We initially built Routefusion as a way to find the cheapest exchange rates, but what we found is that through our strategic partnerships we have unlocked the ability to set our own rates within the market, so we can go as low on pricing as we want, voiding the "lowest cost routing algorithms".  Inadvertently, we have started connecting the "plumbing" between all of the third party payment providers.  You see, in the crazy world of international payments, everyone has their own unique value proposition, some companies may be really good at handling micro payments, some companies may be amazing at high value low volume payments, etc.  Either way you look at it, the industry is extremely siloed, and very diverse.  What we have built is a way to connect all of these companies and value propositions together under one central unified API and user interface.  My vision for this industry is that companies like Routefusion will become the de-facto solution for new fintechs, banks, financial inquisitions, etc, because we are unifying the industry under one roof.  No longer do you need to go searching for multiple API's to handle your complex payout solutions, instead you can integrate with one API and get access to the entire industry, it is a no-brainer.  So without even realizing it, we managed to pivot for the 4th time, which brings me to the moral of this article.

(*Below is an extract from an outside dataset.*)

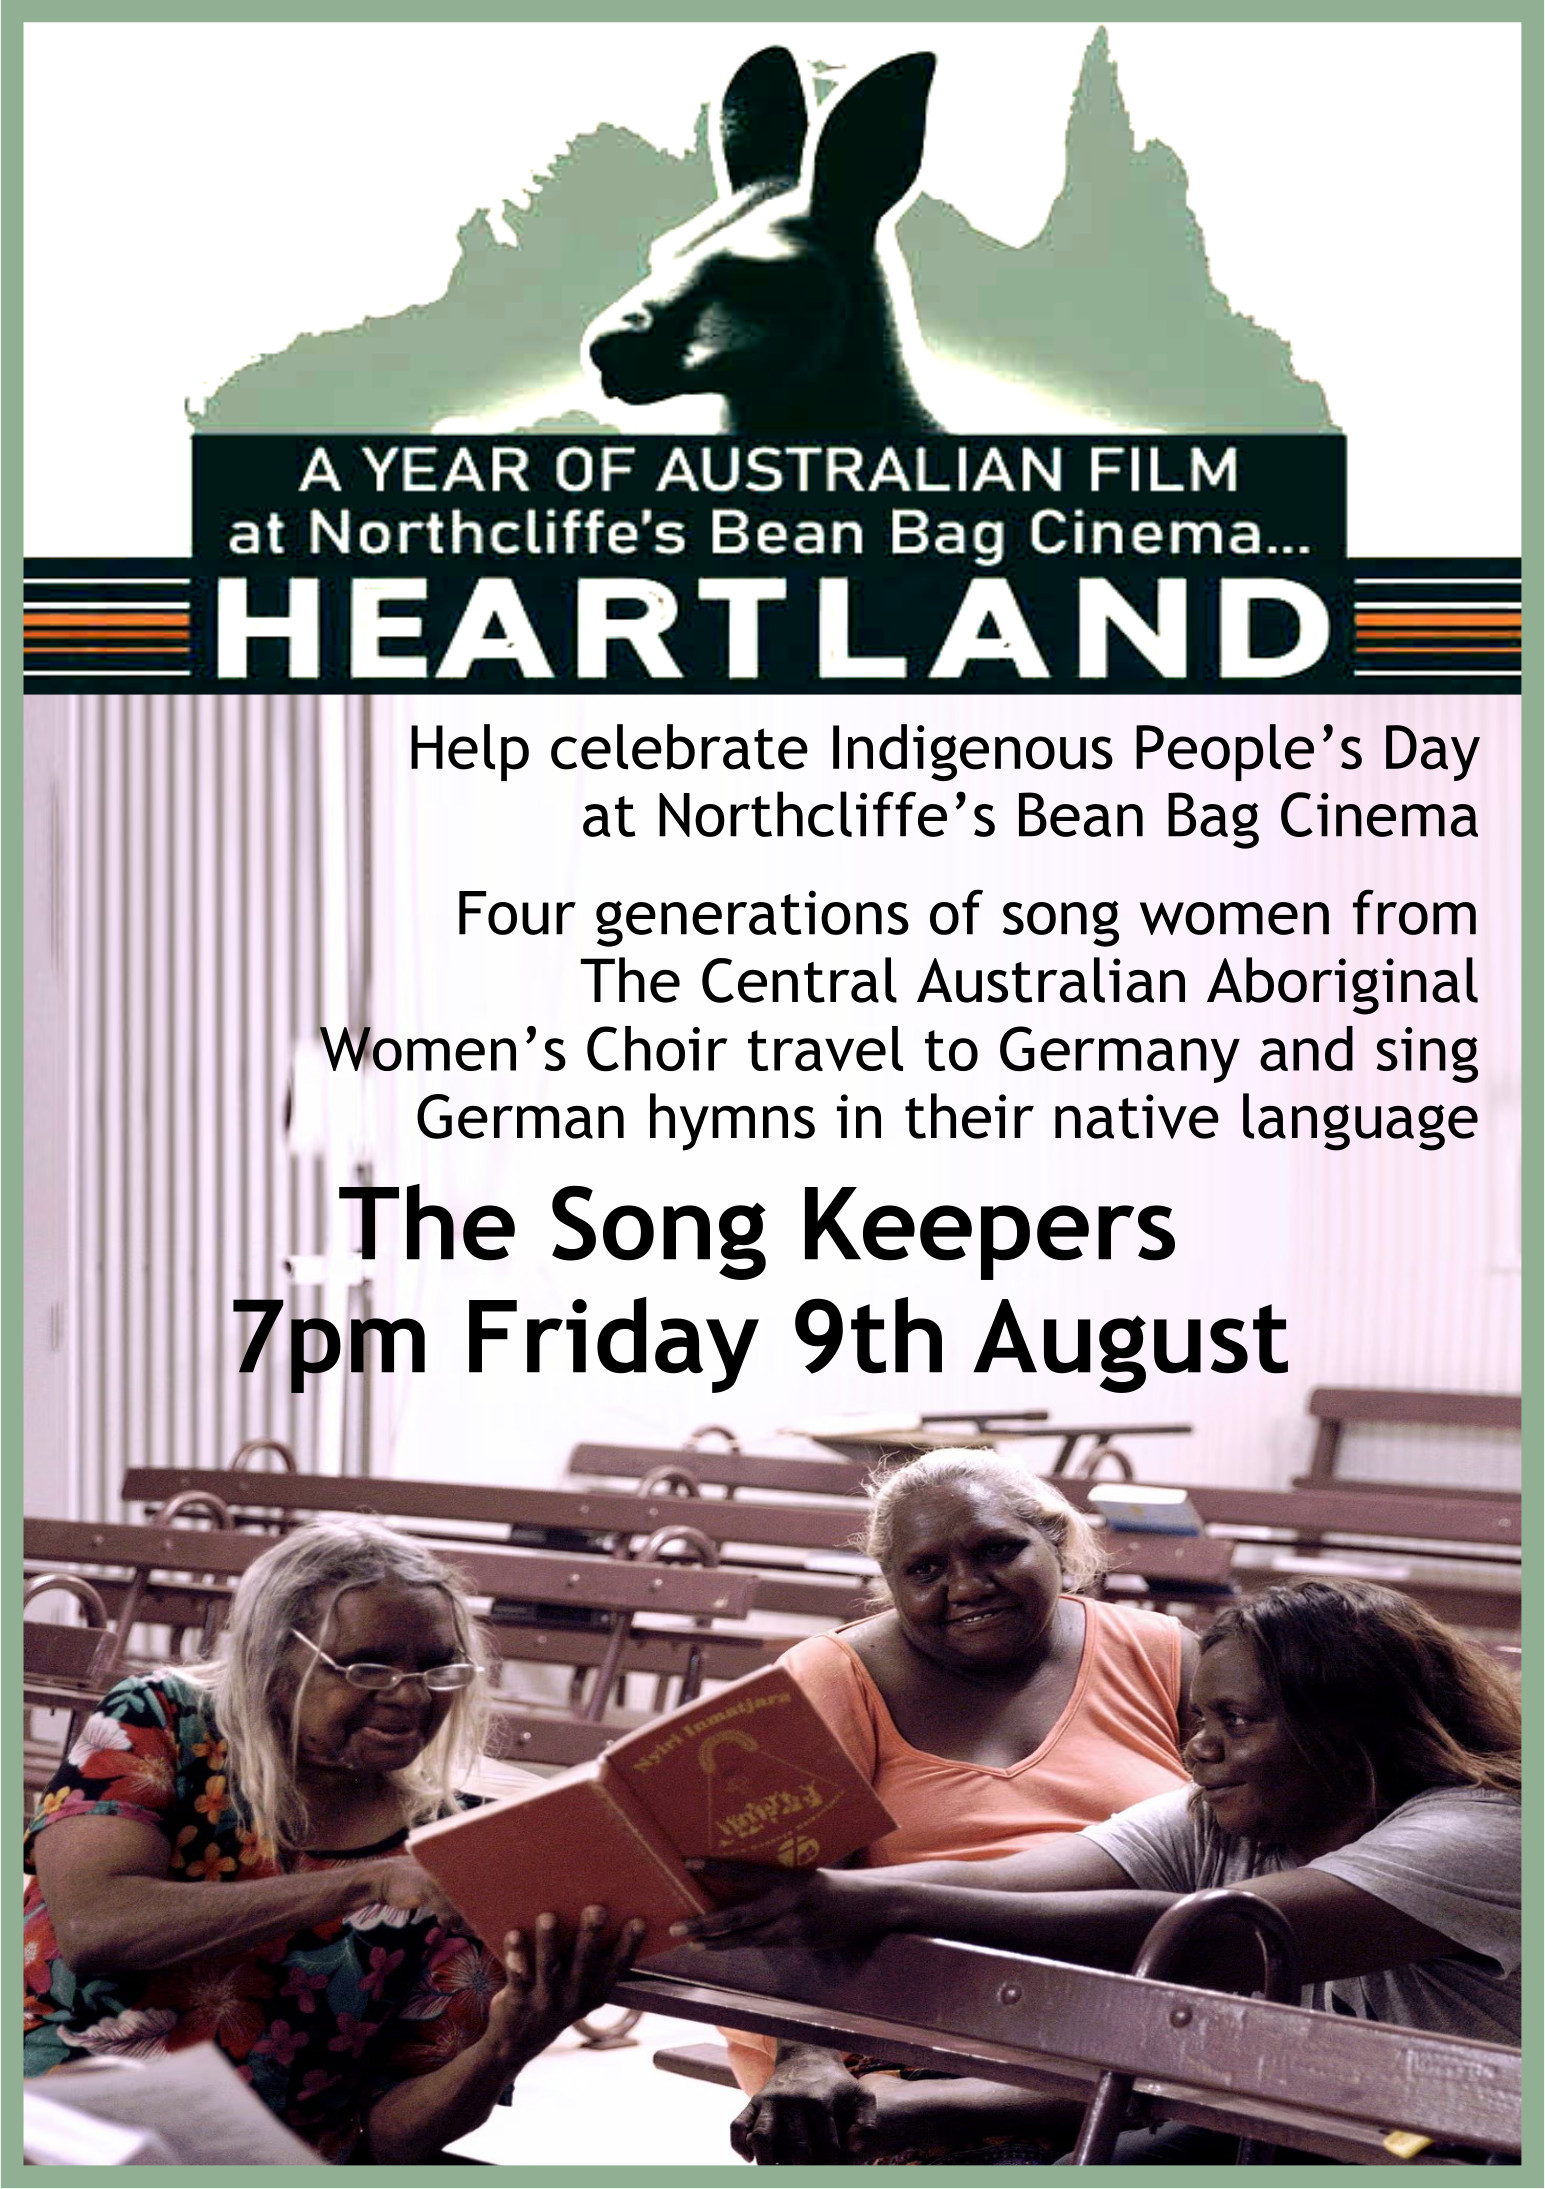 Screening of The Song Keepers 7pm 9th August at Northcliffe's Bean Bag cinema

During the early stages of your company you are going to pivot, it is natural.  Think of pivoting like being the captain of a boat.  As the captain you have a destination in mind and are heading towards that destination.  Along the way storms may arise, and you may have to veer slightly off course so you don't crash your vessel, but as long as you stay focused on where you are heading and don't do a complete 180 you will eventually arrive at your destination.  Routefusion has made 4 different pivots and I know that our company is going to slightly pivot again, but at this point, they are going to be natural minor tweaks, not full on re-routes.  Don't be afraid to make a pivot, it may seem like you are starting over, but its a natural progression, just be cognizant about how you are pivoting, and keep pushing forward, don't look back, and please don't turn around.

If you made it this far congratulations, you just read 2400 words!